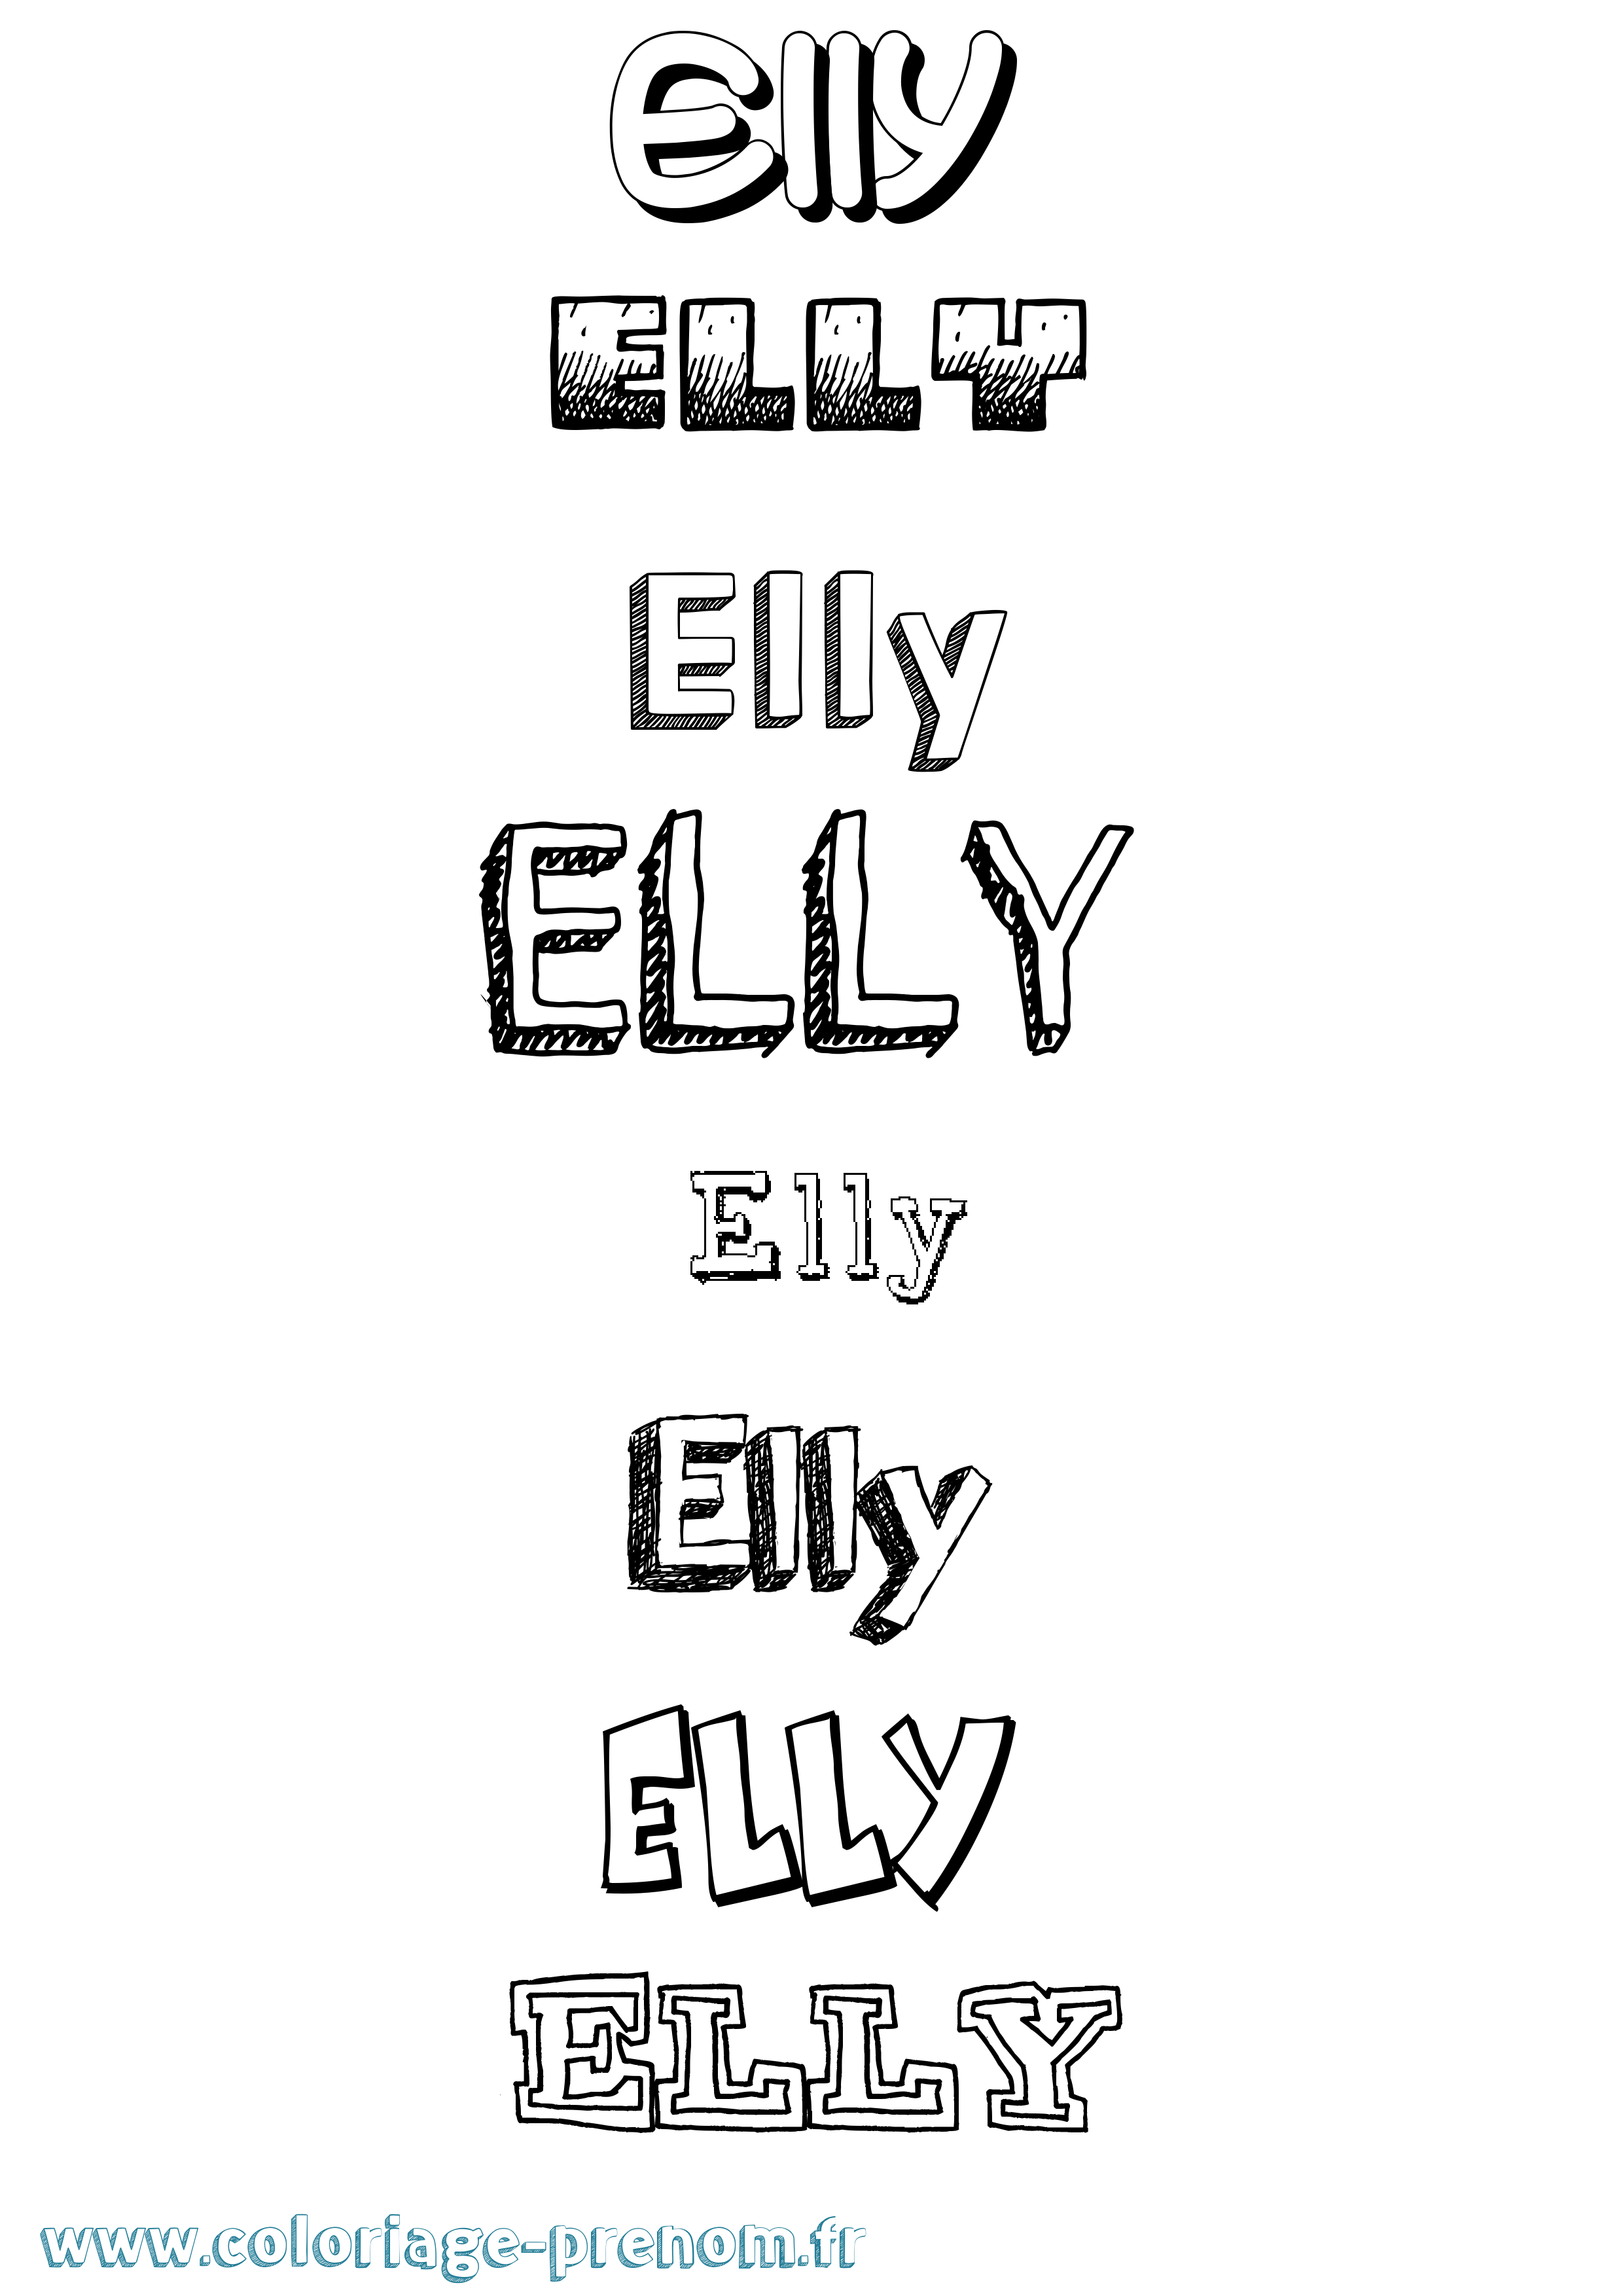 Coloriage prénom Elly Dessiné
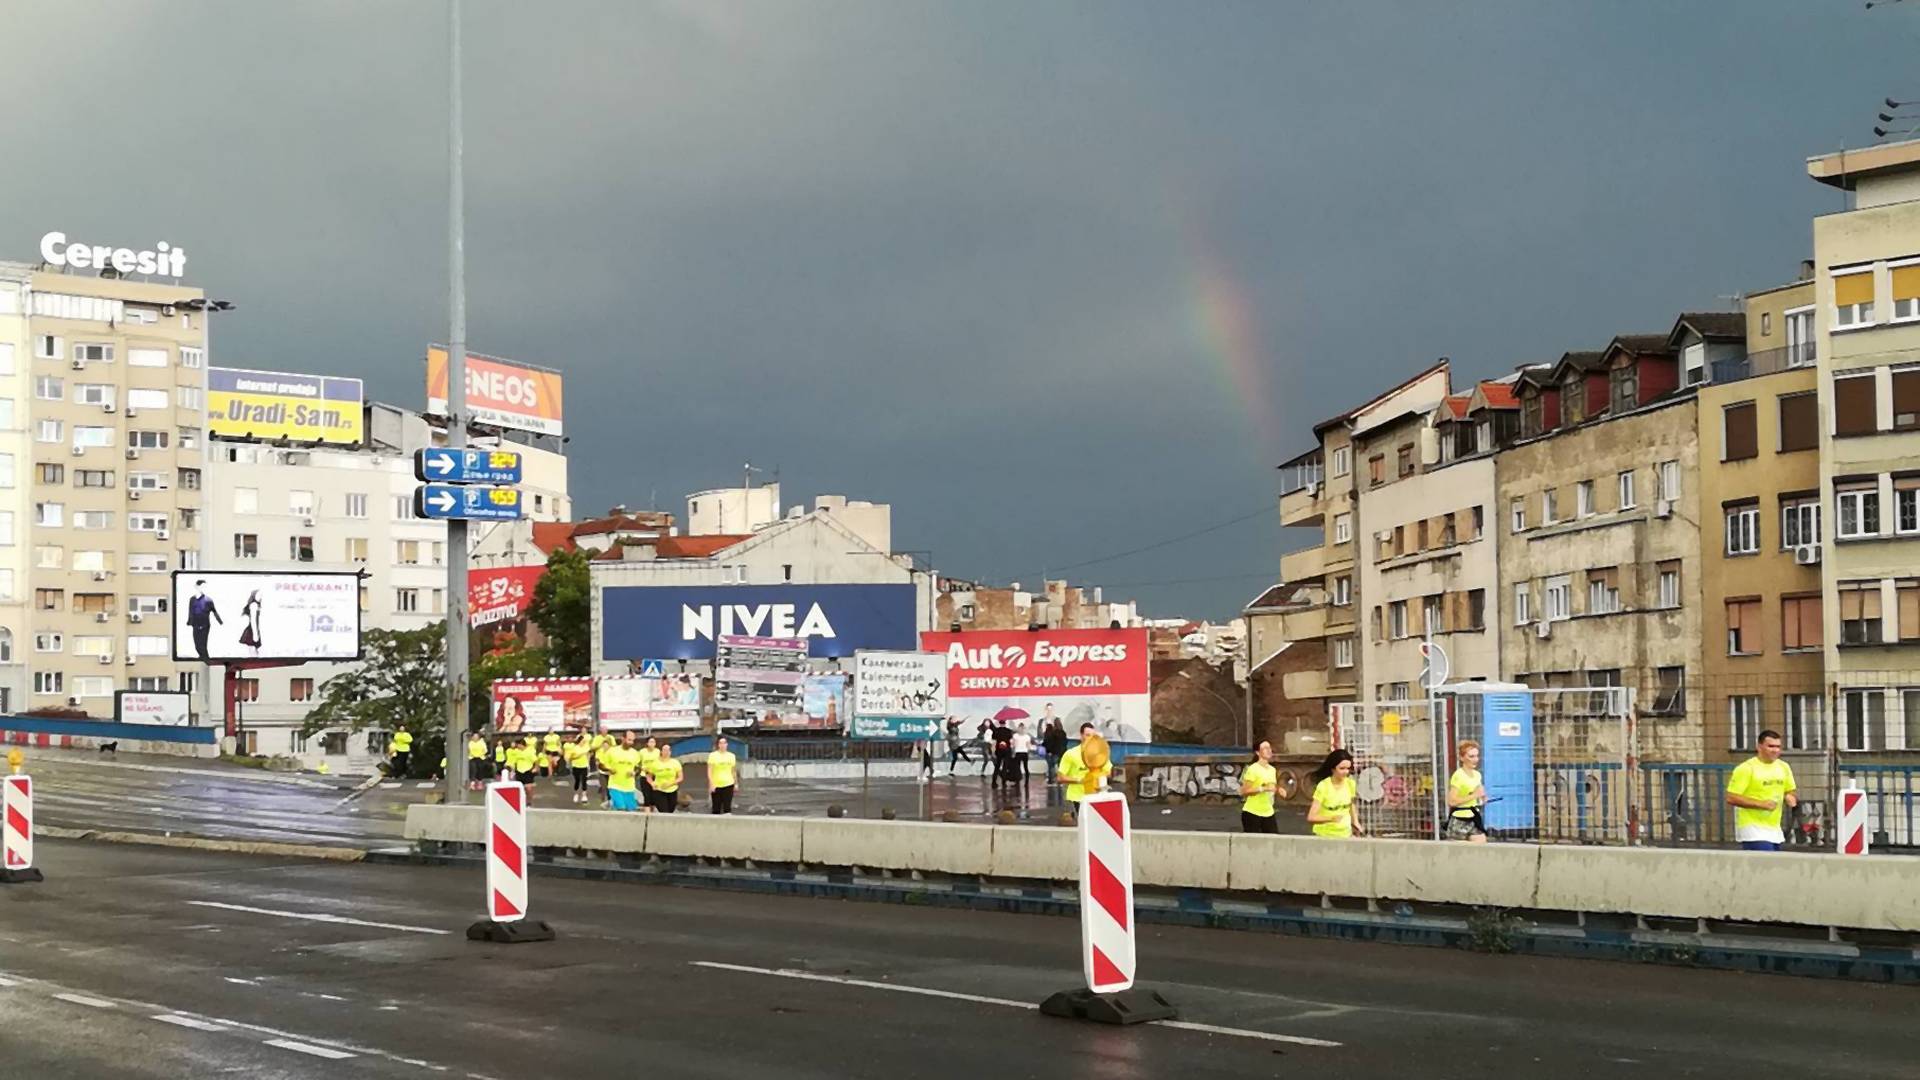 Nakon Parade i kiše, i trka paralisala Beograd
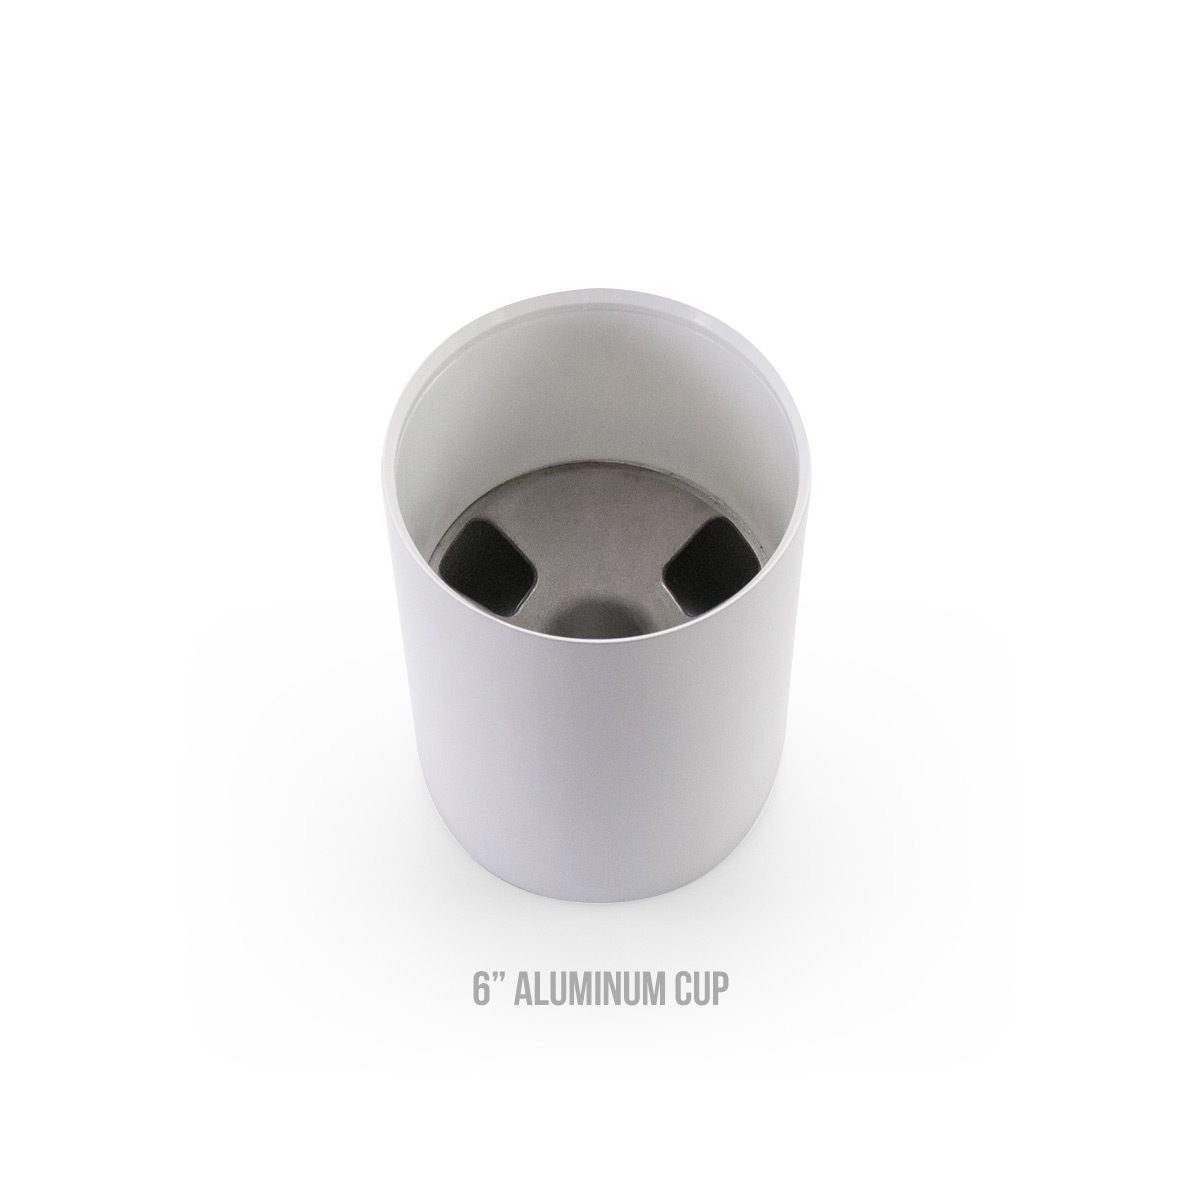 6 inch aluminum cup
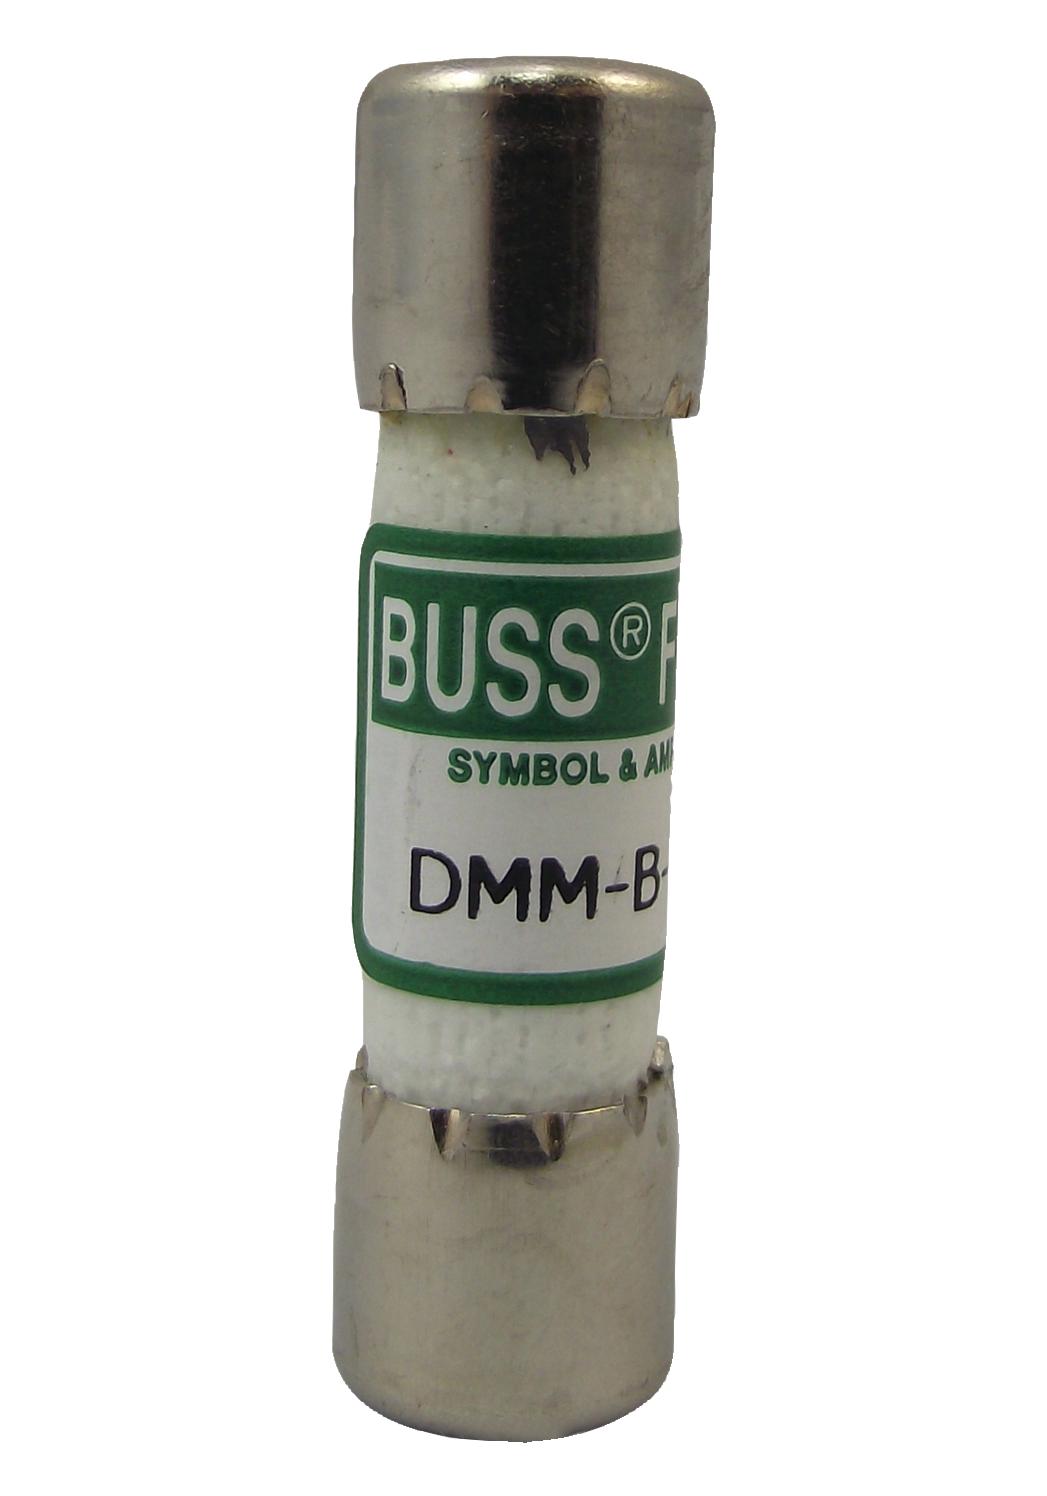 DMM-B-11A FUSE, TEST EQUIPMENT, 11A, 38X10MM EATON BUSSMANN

--------------------------------------------------

• Problem to work on
Your task is to retype the listing exactly, without its pictures.

• Exercise answer
 Coloriage prénom Elly Dessiné
 Nakon Parade i kiše, i trka paralisala Beograd
 6 inch aluminum cup
 DMM-B-11A FUSE, TEST EQUIPMENT, 11A, 38X10MM EATON BUSSMANN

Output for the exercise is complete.